14. An apparatus for determining at least one geotechnical parameter of excavated material produced in a tunnel boring machine, said apparatus being particularly for use with the method according to any one of claims 1 to 11, said apparatus comprising: A conveying device for conveying the excavated material, such that a conveying flow (3) of the excavated material with a flow rate is formed in an open conveying channel (2), the conveying device having means for setting a predetermined flow rate and / or means for measuring the flow rate. An impactor (5) is disposed in the open conveying channel (2), the impactor being at least partially submerged in the conveying flow (3) of the excavated material. A measuring device (7) connected to the impactor (5) is used to measure a parameter corresponding to the force applied to the impactor (5) by the excavation material from the conveying flow (3). A device coupled to the measuring device (7) for acquiring sampled values of the measuring parameters, for converting the sampled values of the measuring parameters into digital measuring values and outputting a time series of the digital measuring values. Storage device for temporarily storing the sequence of digital measurements, and A data processing device coupled to the storage device, the data processing device being configured such that the data processing device processes a segment of the sequence of digital measurements and outputs at least one output value corresponding to the at least one geotechnical parameter.
15. The apparatus for determining at least one geotechnical parameter according to claim 14, characterized in that, The data processing device is configured such that it generates and processes an input data matrix from the segments of the sequence of digital measurements, and outputs at least one output value corresponding to the at least one geotechnical parameter, taking into account a predetermined flow rate or a measured flow rate value during processing. The data processing device implements a trained neural network having multiple layers of nodes, assigning weights to all connections between the nodes and assigning predetermined activation functions to the nodes, the weights being pre-set through a training method. The input data matrix is input into the input layer of the nodes of the neural network, and at least one output value corresponding to the at least one geotechnical parameter is output at at least one node of the output layer of the neural network.
16. The apparatus for determining at least one geotechnical parameter according to claim 14 or 15, characterized in that, The impactor (5) is constructed as a sphere, preferably as a steel ball with a weight of 500g to 2000g, more preferably 800g to 1000g.

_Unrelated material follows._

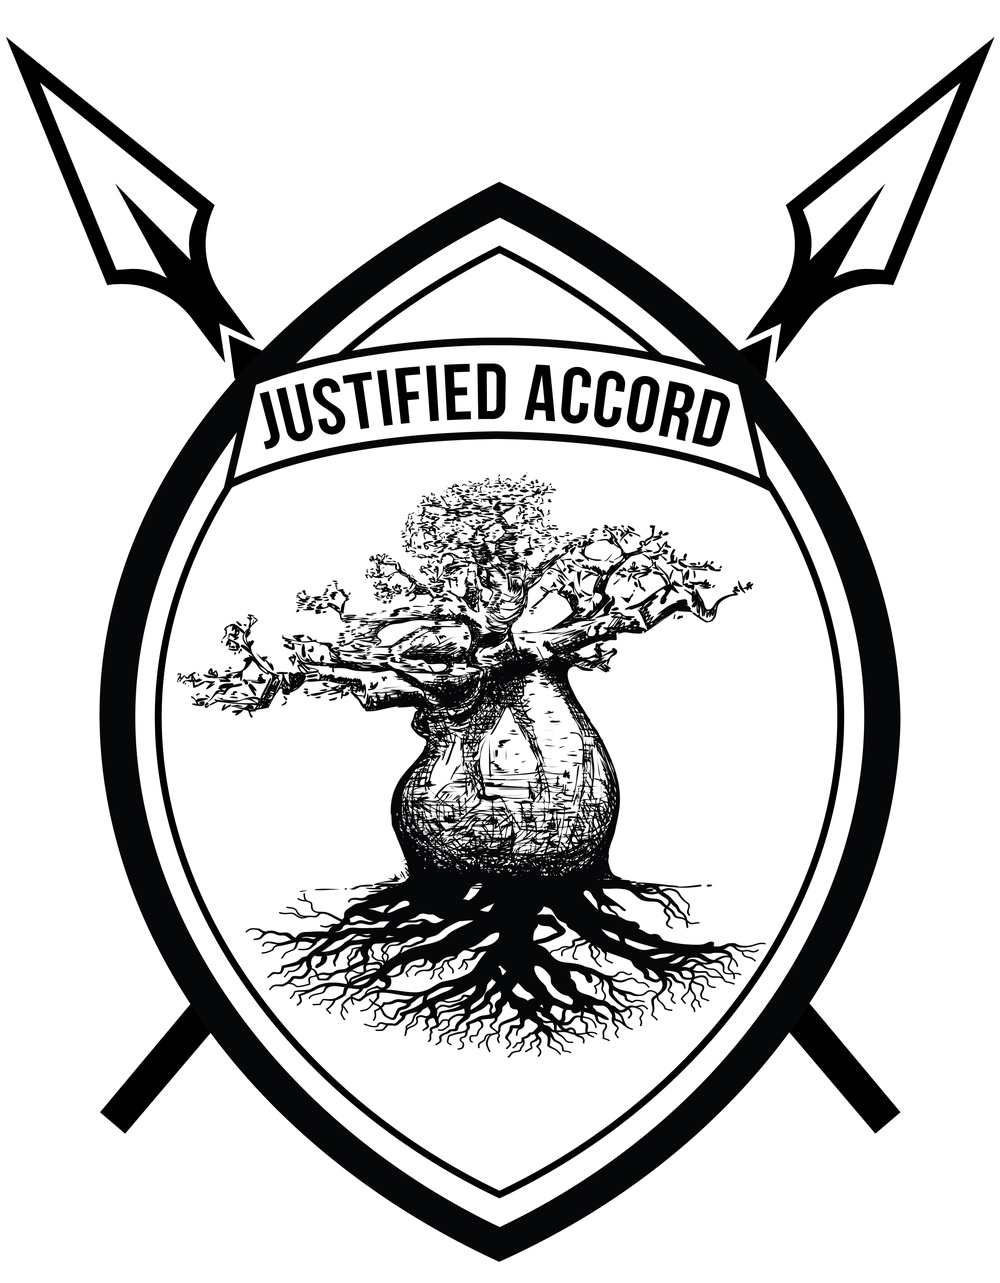 Justified Accord '22

17. The apparatus for determining at least one geotechnical parameter according to claim 16, characterized in that, The sphere (5) is fixed to a swing-suspended rod or to a cable (6), and a sensor (7) for acquiring the measurement parameters is coupled to the rod or cable (6), the measurement parameters corresponding to the tension borne by the rod or cable (6).
18. The apparatus for determining at least one geotechnical parameter according to claim 15, characterized in that, The data processing device is configured to simulate a feedforward neural network with a one-dimensional convolutional network. Preferably, the data processing device is configured to simulate a convolutional neural network having a first convolutional layer with subsequent pooling layers and a subsequent second convolutional layer with multiple subsequent fully connected layers.